Spatially-Augmented Sequence-to-Sequence Neural Diarization for Meetings
Li, Cheng, Zhang et al.
This paper proposes a Spatially-Augmented Sequence-to-Sequence Neural Diarization (SA-S2SND) framework, which integrates direction-of-arrival (DOA) cues estimated by SRP-DNN into the S2SND backbone. A two-stage training strategy is adopted: the model is first trained with single-channel audio and DOA features, and then further optimized with multi-channel inputs under DOA guidance. In addition, a simulated DOA generation scheme is introduced to alleviate dependence on matched multi-channel corpora. On the AliMeeting dataset, SA-S2SND consistently outperform the S2SND baseline, achieving a 7.4% relative DER reduction in the offline mode and over 19% improvement when combined with channel attention. These results demonstrate that spatial cues are highly complementary to cross-channel modeling, yielding good performance in both online and offline settings.
academic
Spatially-Augmented Sequence-to-Sequence Neural Diarization for Meetings
This paper proposes a spatially-augmented sequence-to-sequence neural diarization (SA-S2SND) framework that integrates direction-of-arrival (DOA) cues estimated via SRP-DNN into the S2SND backbone network. A two-stage training strategy is employed: the model is first trained using single-channel audio and DOA features, then further optimized with multi-channel inputs under DOA guidance. Additionally, a simulated DOA generation scheme is introduced to reduce dependence on matched multi-channel corpora. On the AliMeeting dataset, SA-S2SND consistently outperforms the S2SND baseline, achieving a 7.4% relative DER reduction in offline mode, with improvements exceeding 19% when combined with channel attention. These results demonstrate that spatial cues are highly complementary to cross-channel modeling, yielding strong performance in both online and offline settings.

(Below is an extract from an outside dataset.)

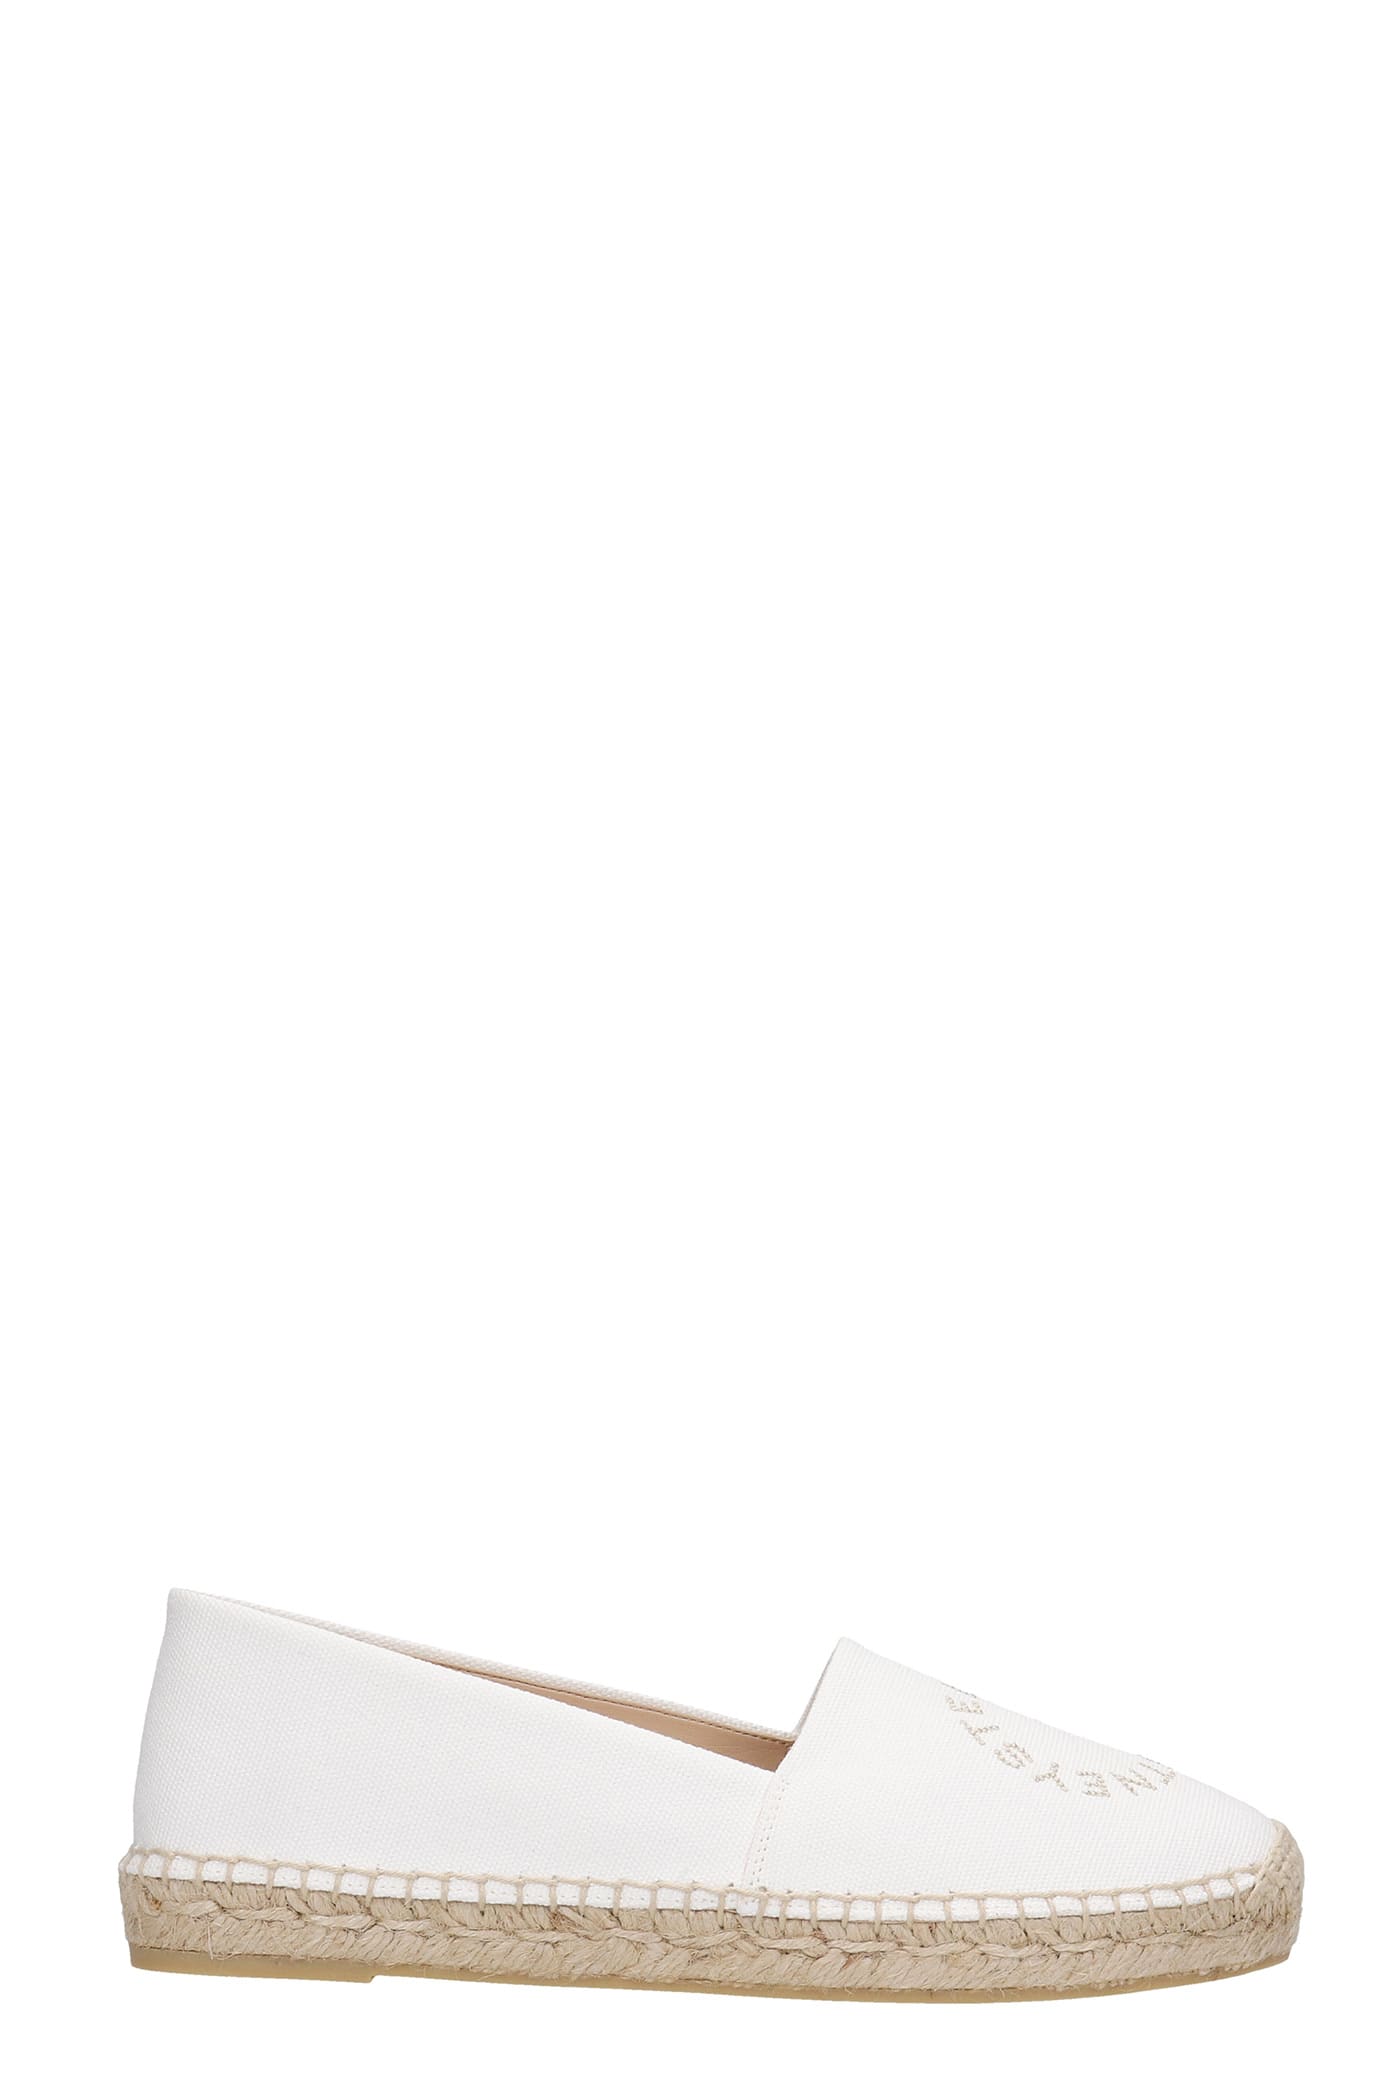 Stella McCartney Selene Espadrilles In White Canvas

Speaker diarization aims to answer the question "who spoke when," serving as a fundamental preprocessing step for downstream tasks such as automatic speech recognition. Despite significant progress in this field, speaker diarization in meeting scenarios remains challenging, primarily due to:
Early Modular Approaches: Segment audio into short utterances and cluster via speaker embedding similarity, assuming each segment contains only one speaker, performing poorly on overlapping speech
End-to-End Neural Diarization (EEND): While addressing overlap issues, still primarily relies on acoustic embeddings
Sequence-to-Sequence Diarization (S2SND): Progress in online diarization, but lacks explicit spatial information
Most existing methods rely solely on acoustic embeddings, which are often unreliable in real meetings. The key question is: How can spatial cues from multi-channel recordings be leveraged to improve speaker diarization?

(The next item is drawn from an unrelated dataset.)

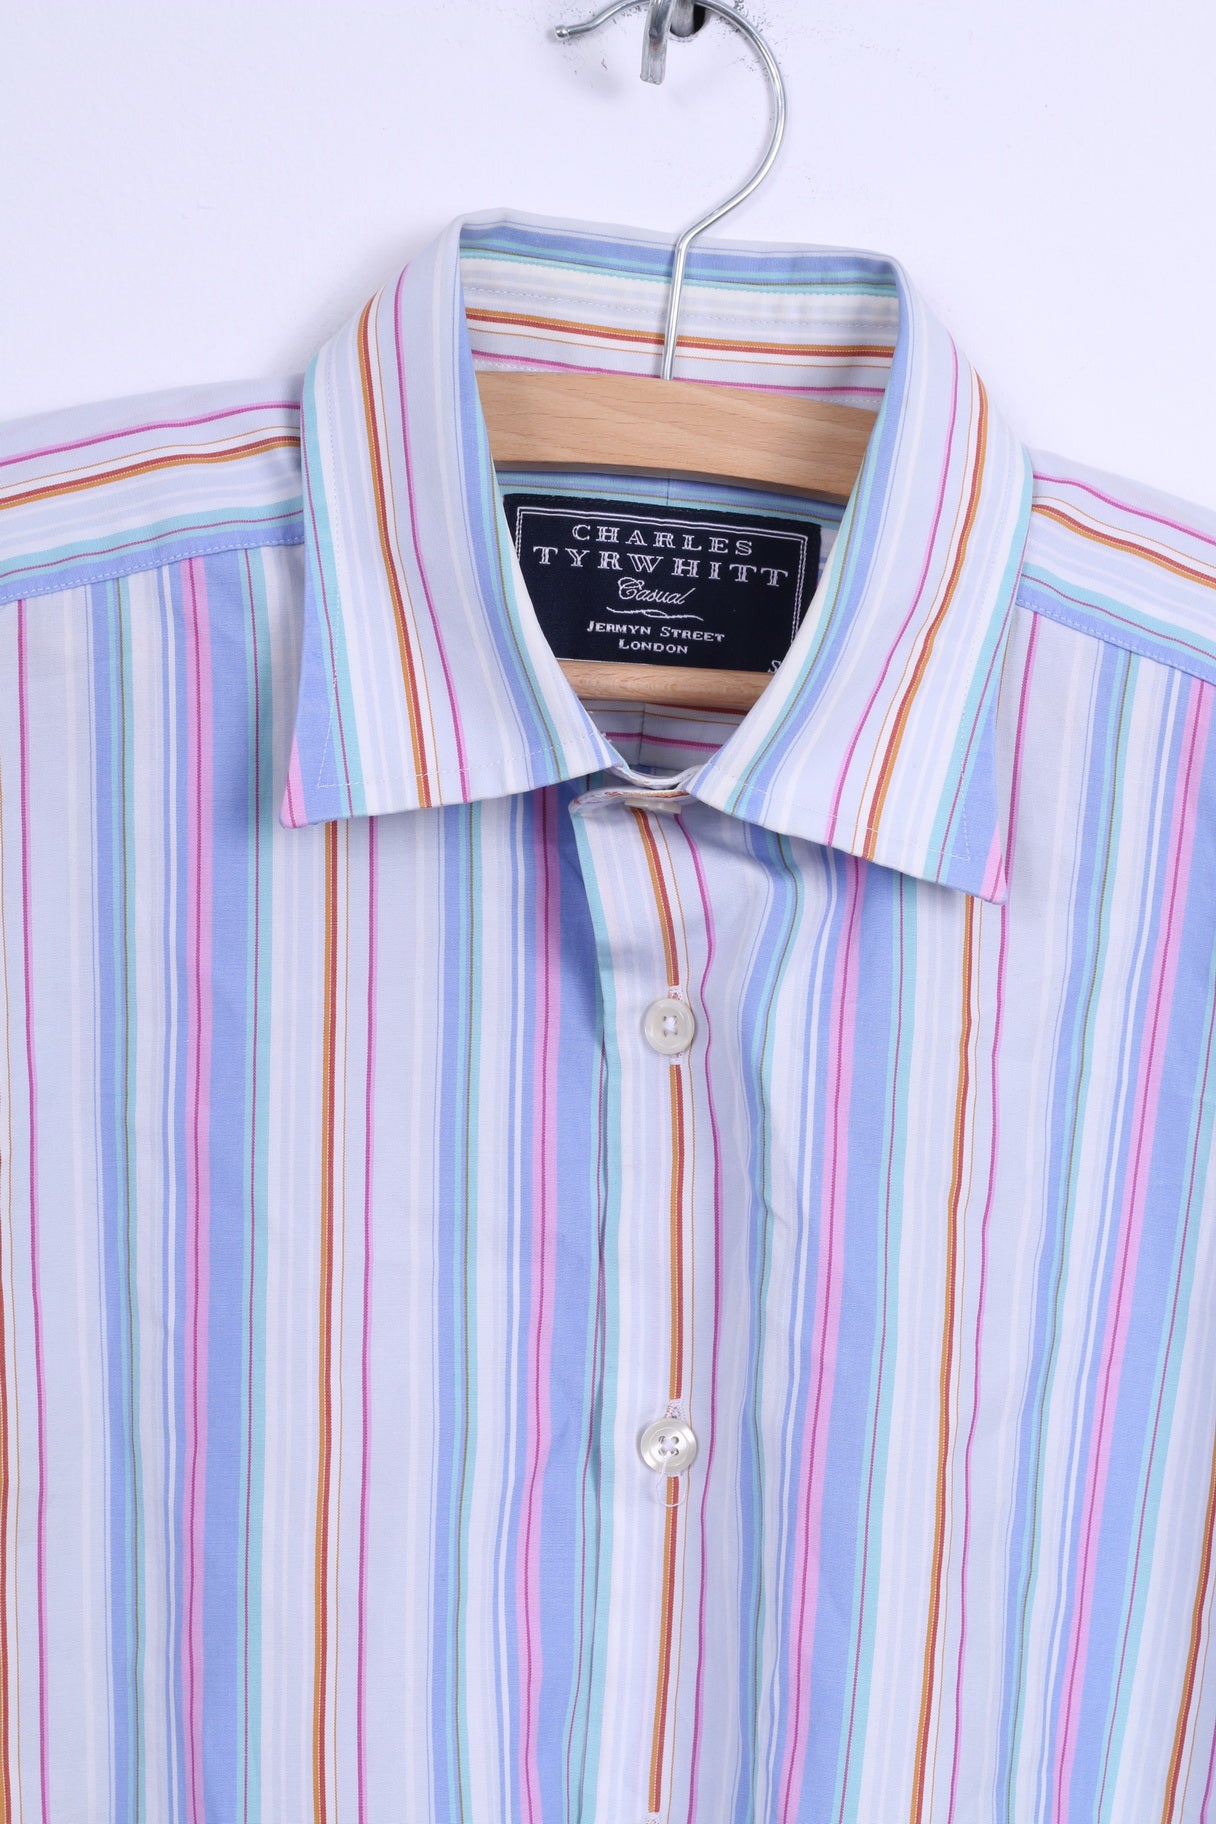 Charles Tyrwhitt Mens S Casual Shirt Cotton Blue Striped Long Sleeve

Proposes SA-S2SND Framework: Integrates DNN-derived DOA as explicit spatial input into S2SND for both online and offline speaker diarization
Designs Simulated DOA Method: Decouples spatial cues from array design, enabling effective utilization of spatial information without requiring large multi-channel corpora
Validates Effectiveness: Verifies SA-S2SND on the AliMeeting dataset, demonstrating consistent DER improvements over S2SND baseline in both modes
Two-Stage Training Strategy: Trains first with single-channel audio, then extends to multi-channel, ensuring a consistent progression from pure acoustic to spatially-augmented modeling
The speaker diarization task aims to determine the identity of active speakers for each time segment in multi-speaker audio. Input consists of multi-channel audio signals, and output comprises speaker activity labels and speaker representations for each time frame.
Encoder: Conformer for modeling long-range dependencies
Representation Decoder: Generates target embeddings Ê
Detection Decoder: Predicts activity Ŷ
DOA Integration Method:
X=X+LinearRA→RD(interpolate(O))/D
where O ∈ R^{T''×A} is the DOA probability matrix, integrated into encoder representations through nearest-neighbor interpolation and linear projection.
Compared to existing work, this paper is the first to effectively integrate explicit DOA cues into a sequence-to-sequence speaker diarization framework, and proposes a simulated strategy to reduce dependence on multi-channel corpora.
The paper cites 36 relevant references covering key works in speaker diarization, multi-channel signal processing, and deep learning, providing a solid theoretical foundation for the research.
Overall Assessment: This is a high-quality research paper that proposes innovative methods for utilizing spatial information in speaker diarization. The experimental design is rigorous, results are convincing, and practical value is substantial. The main innovation lies in effectively integrating explicit DOA cues into the sequence-to-sequence framework and solving the multi-channel data scarcity problem through clever training strategies.